Assessing the current molecular understanding of therapeutic targets in osteosarcoma.

Introduction: Osteosarcoma, a highly aggressive bone tumor, continues to pose significant treatment challenges despite advances in molecular research. Traditional therapeutic strategies have largely relied on targeting genetic alterations of tumor genes or signaling pathways, but these approaches have been less effective in clinical settings due to the complex biology.
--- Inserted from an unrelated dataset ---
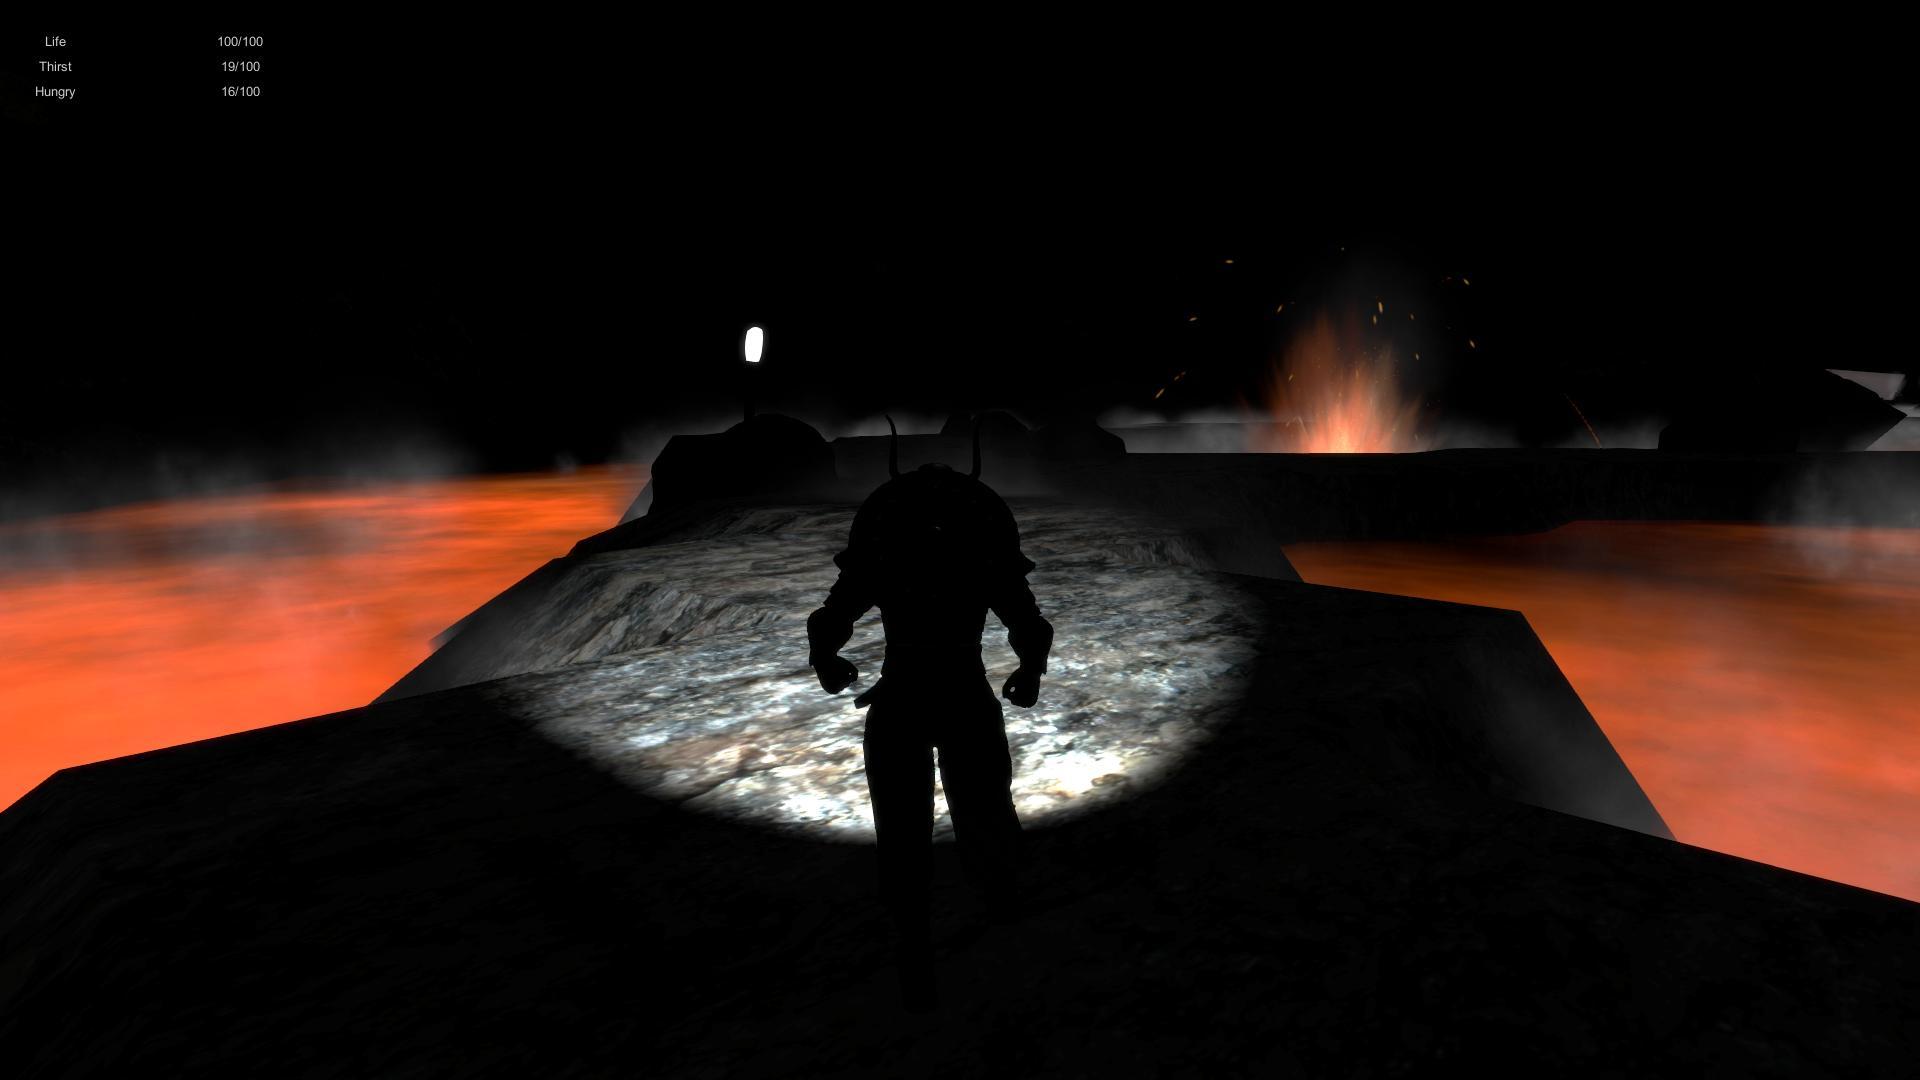 Screenshot №10 from game The Last Hope

Areas covered: Recent insights into the molecular landscape of osteosarcoma have revealed key mechanisms of therapeutic resistance, including tumor plasticity, immune evasion, and metabolic reprogramming. The interaction between the tumor and its microenvironment, such as mechanical stress, hypoxia, and extracellular matrix composition, leads to spatially distinct regions with varying drug sensitivities.

Expert opinion: We highlight three key shifts in understanding osteosarcoma biology: 'target plasticity' driven by evolving tumor dynamics, the importance of mechanical signaling at the tumor-bone interface, and the potential of multi-omics platforms for real-time monitoring and personalized treatment. We propose a new therapeutic framework that integrates these advances to overcome resistance mechanisms. By focusing on epigenetic reprogramming, immune resetting, and mechanopharmacological approaches, we envision a more comprehensive strategy for osteosarcoma treatment that goes beyond traditional single-target therapies. The success of these strategies will depend on integrating spatially informed, time-resolved treatment regimens, guided by advanced molecular and computational technologies.